== What is being asked ==
Please give back the listing below word for word and drop any images.

== Dataset excerpt ==
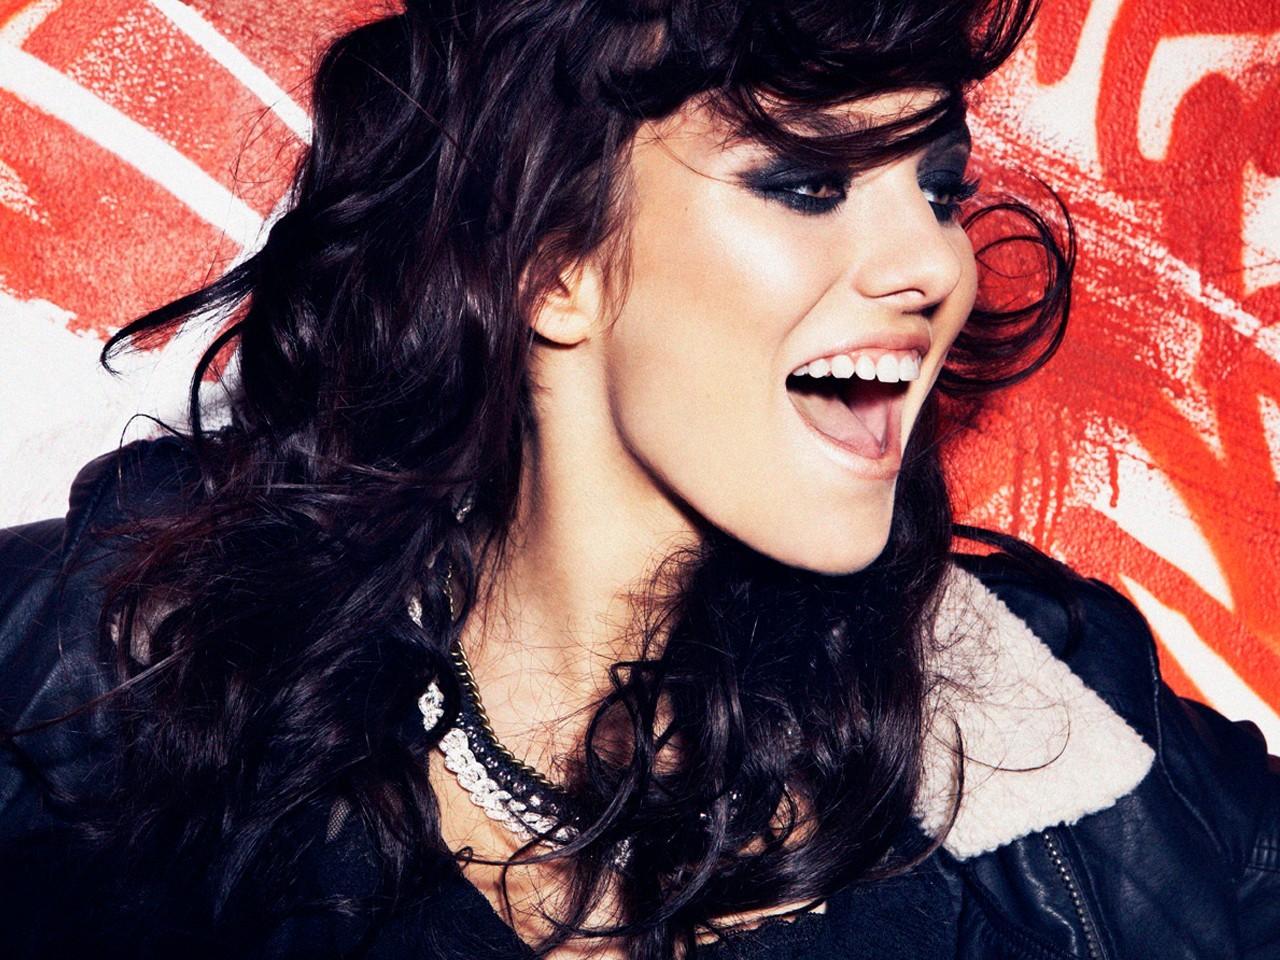 face long hair brunette model ewa farna women open mouth
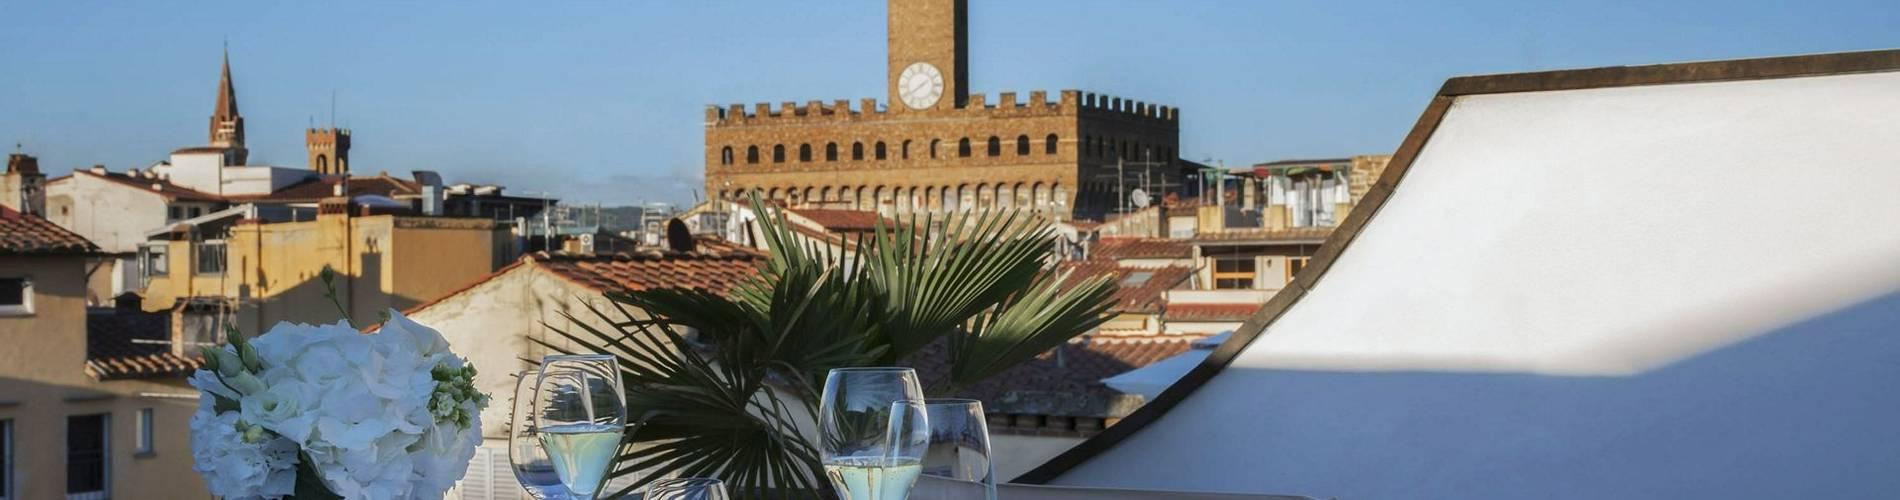 Gallery Art Hotel, Tuscany, Italy, Penthouse Palazzo Vecchio (9).jpg
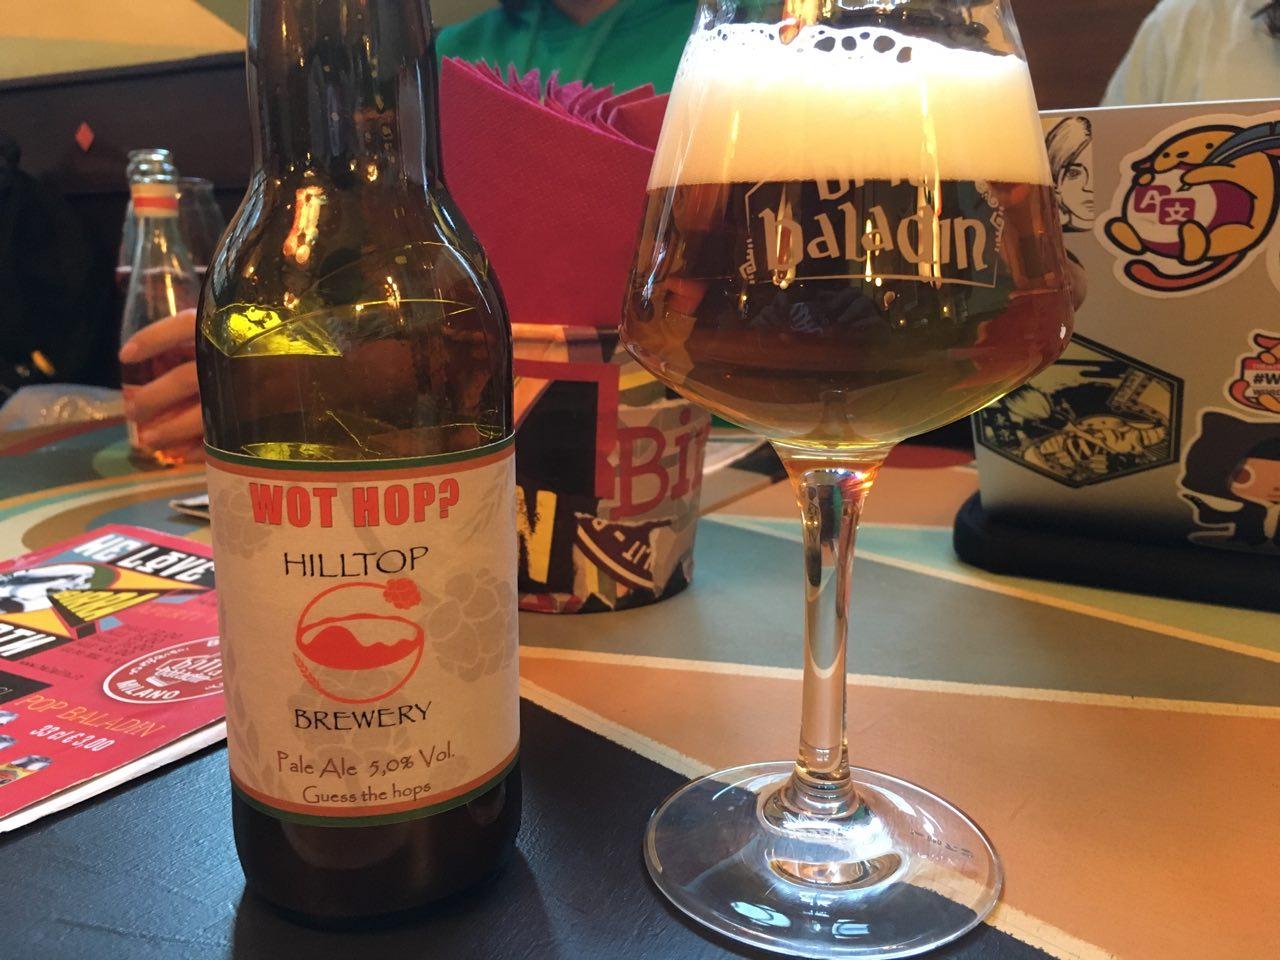 Wot Hop Hilltop Brewery
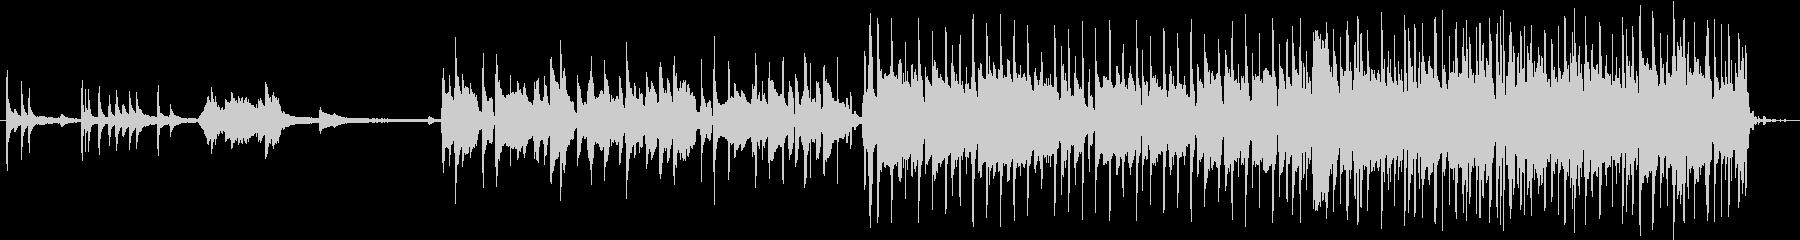 切ない曲調のバラードの未再生の波形

== Solution to this task ==
 face long hair brunette model ewa farna women open mouth
 Gallery Art Hotel, Tuscany, Italy, Penthouse Palazzo Vecchio (9).jpg
 Wot Hop Hilltop Brewery
 切ない曲調のバラードの未再生の波形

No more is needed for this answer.